§ **The problem**:
Nothing but an exact repeat of the data, with pictures removed, belongs in the answer.

§ **Collected data**:
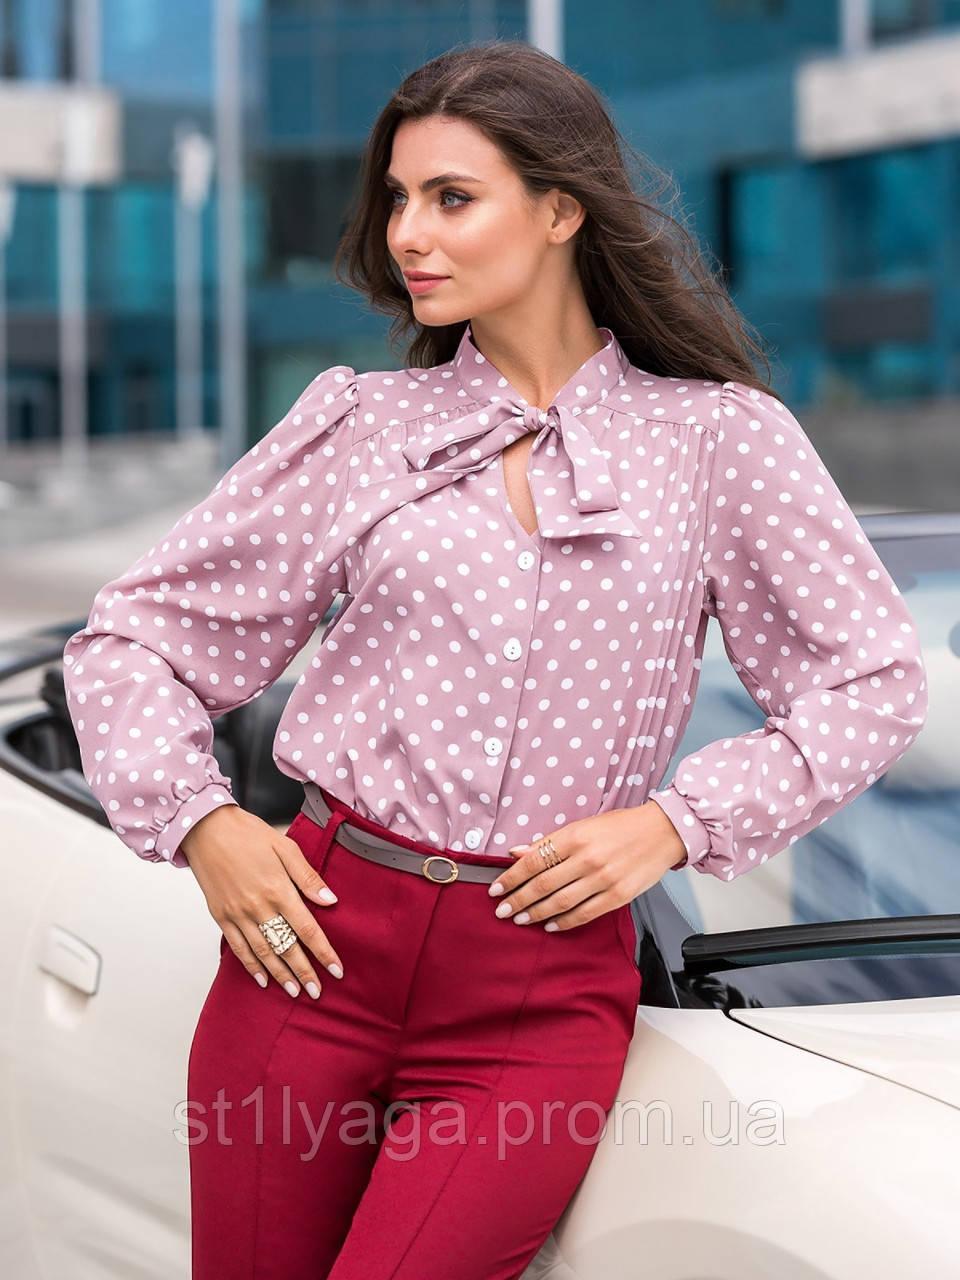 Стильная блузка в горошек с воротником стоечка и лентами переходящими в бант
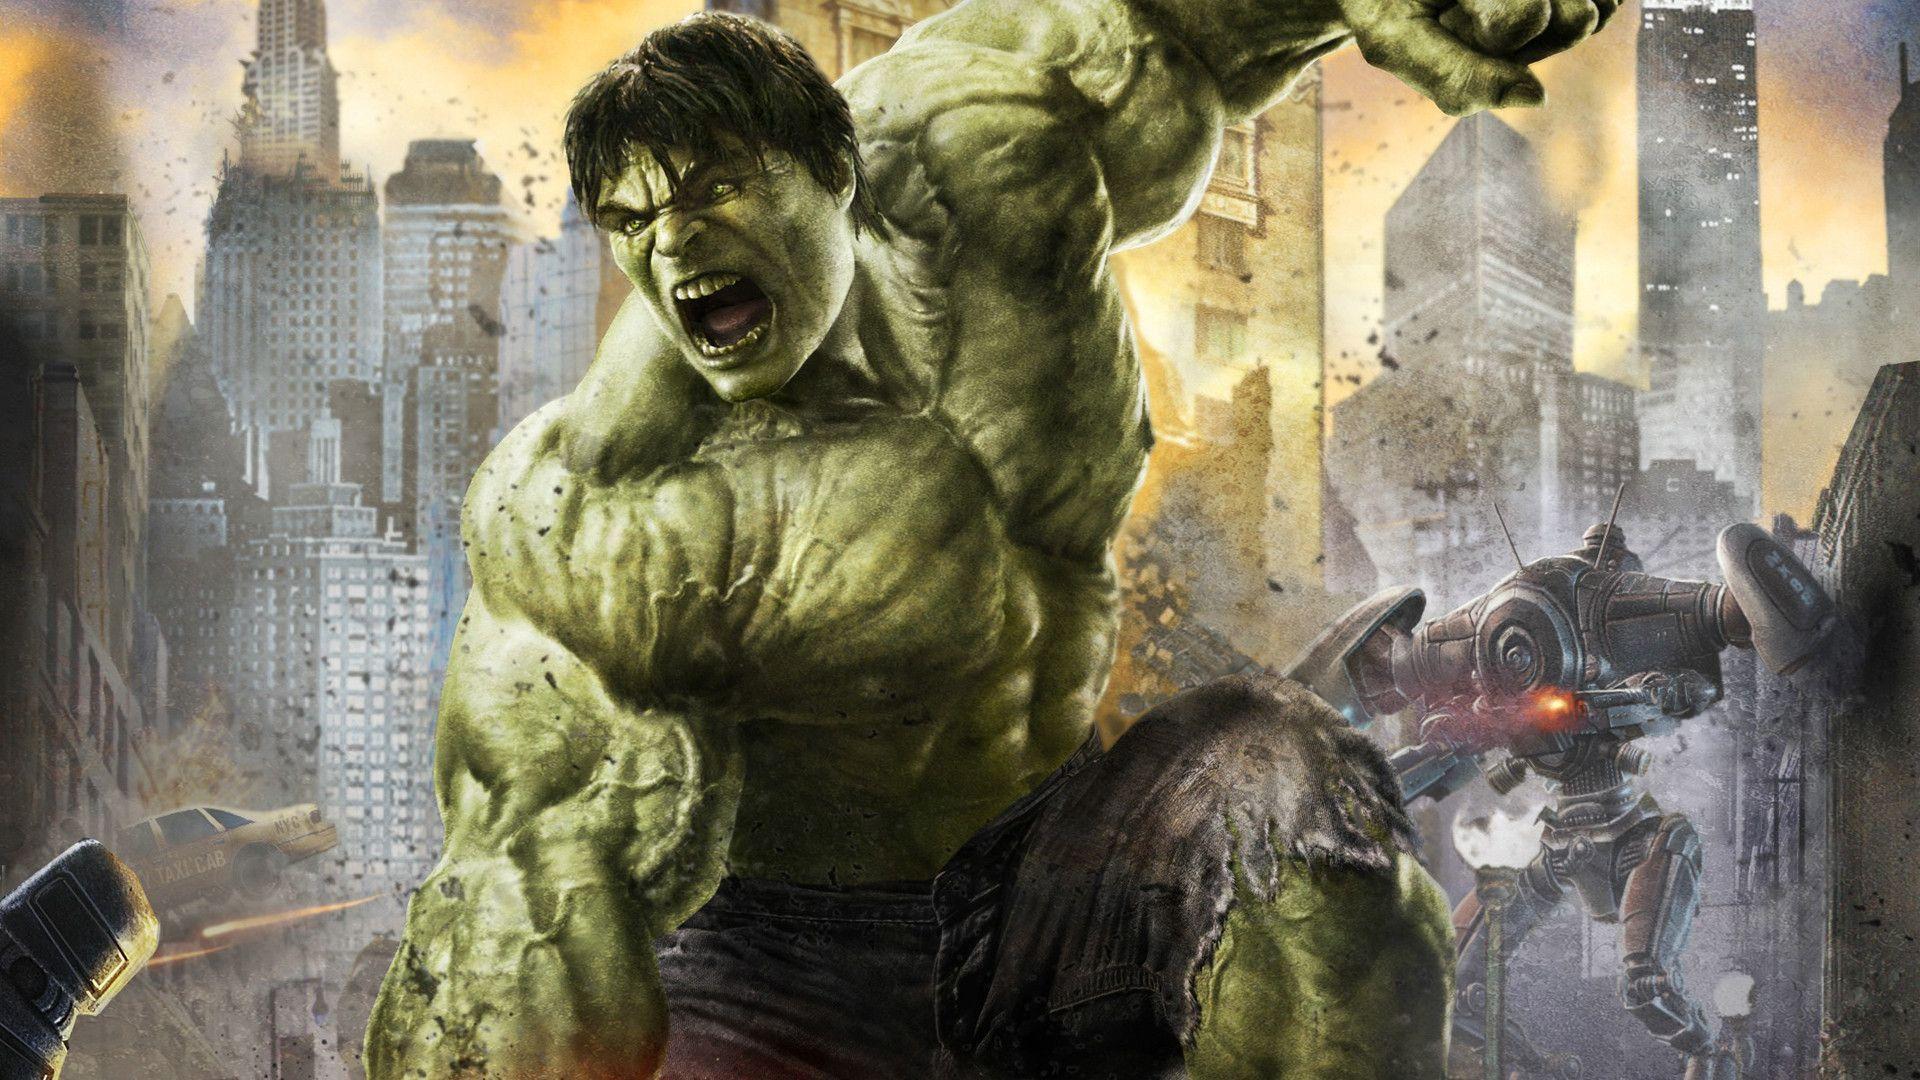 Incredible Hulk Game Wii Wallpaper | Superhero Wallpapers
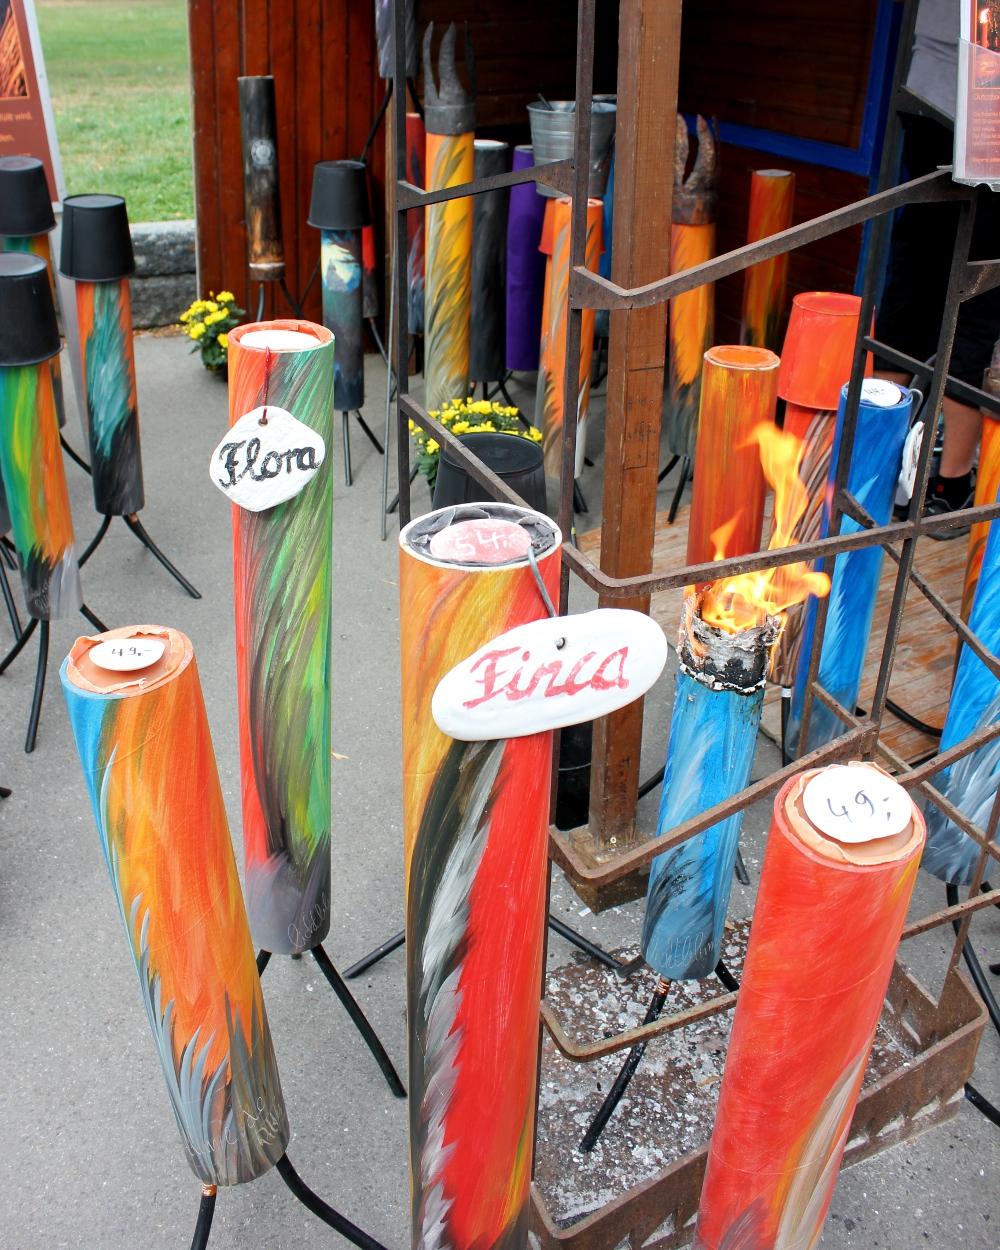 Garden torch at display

§ **Response to this exercise**:
 Стильная блузка в горошек с воротником стоечка и лентами переходящими в бант
 Incredible Hulk Game Wii Wallpaper | Superhero Wallpapers
 Garden torch at display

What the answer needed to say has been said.